Top of EXERCISE DATA

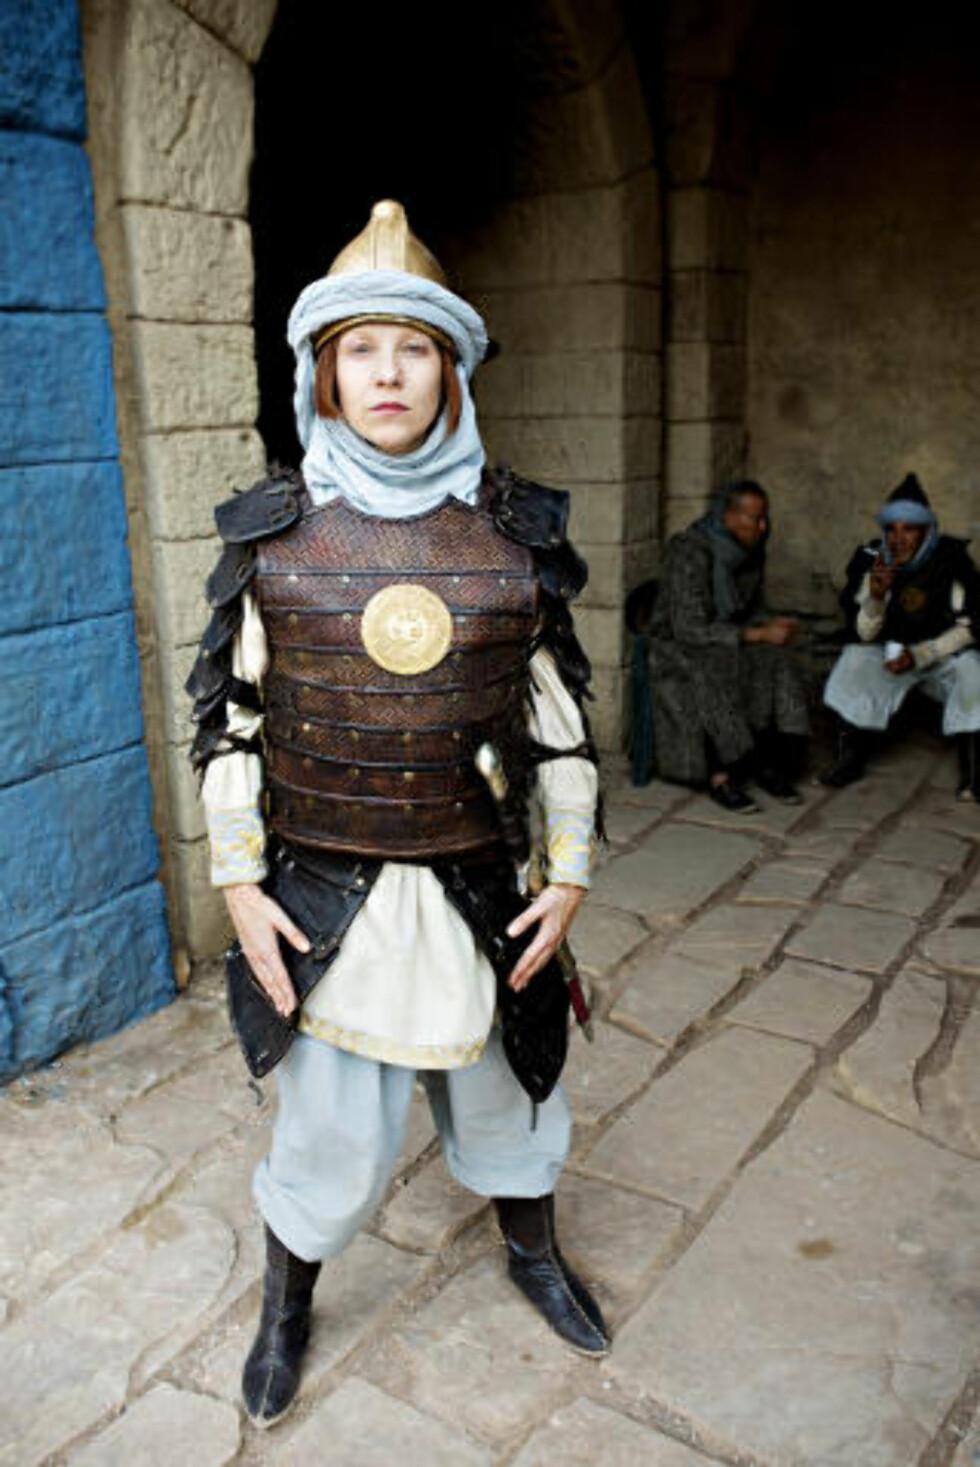 UGJENKJENNELIG: Janne Formoe, som har spilt flere roller i farens Sabeltann-univers, spiller hovedvakten i Lama Rama.
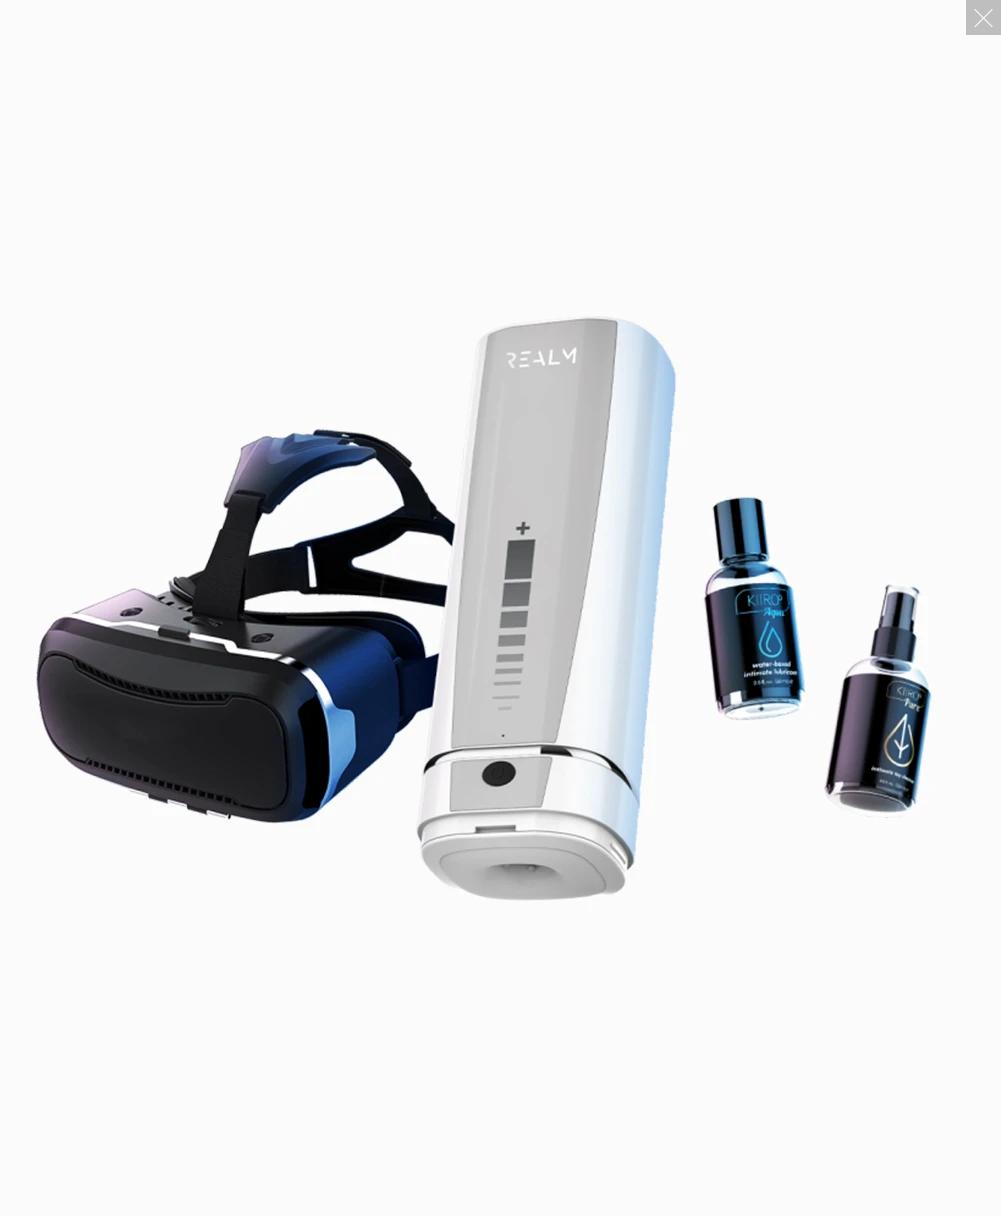 Kiiroo Onyx Plus Virtual Reality Sex Toy
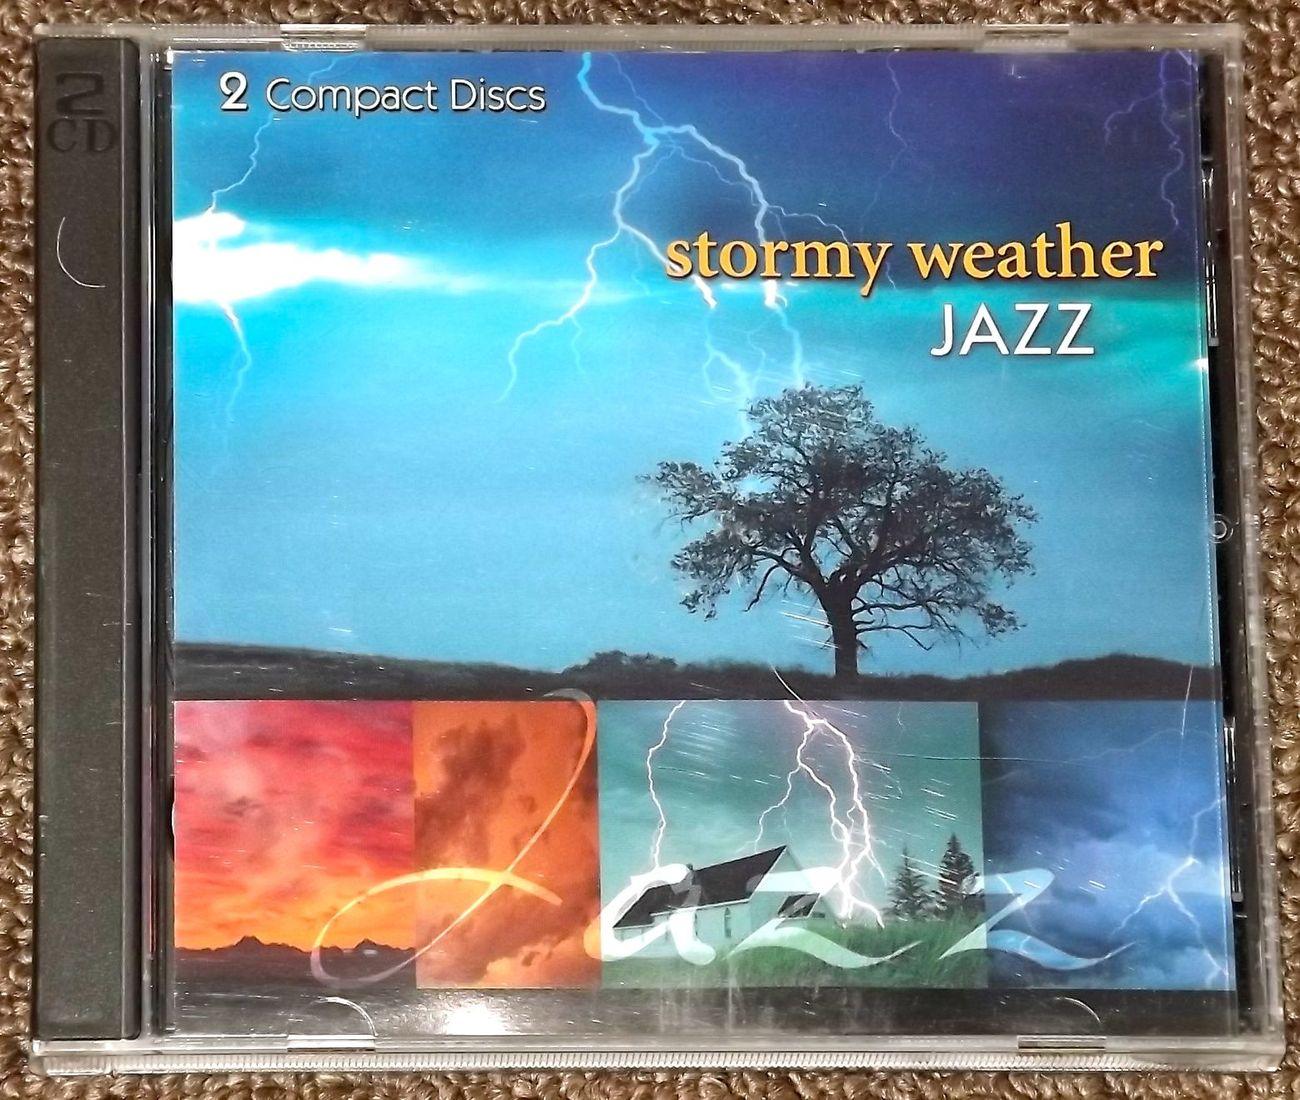 Stormy weather jazz

Bottom of EXERCISE DATA

TASK TO CARRY OUT: Leave out the pictures and repeat the remaining data exactly.

REPLY TO THE TASK:
 UGJENKJENNELIG: Janne Formoe, som har spilt flere roller i farens Sabeltann-univers, spiller hovedvakten i Lama Rama.
 Kiiroo Onyx Plus Virtual Reality Sex Toy
 Stormy weather jazz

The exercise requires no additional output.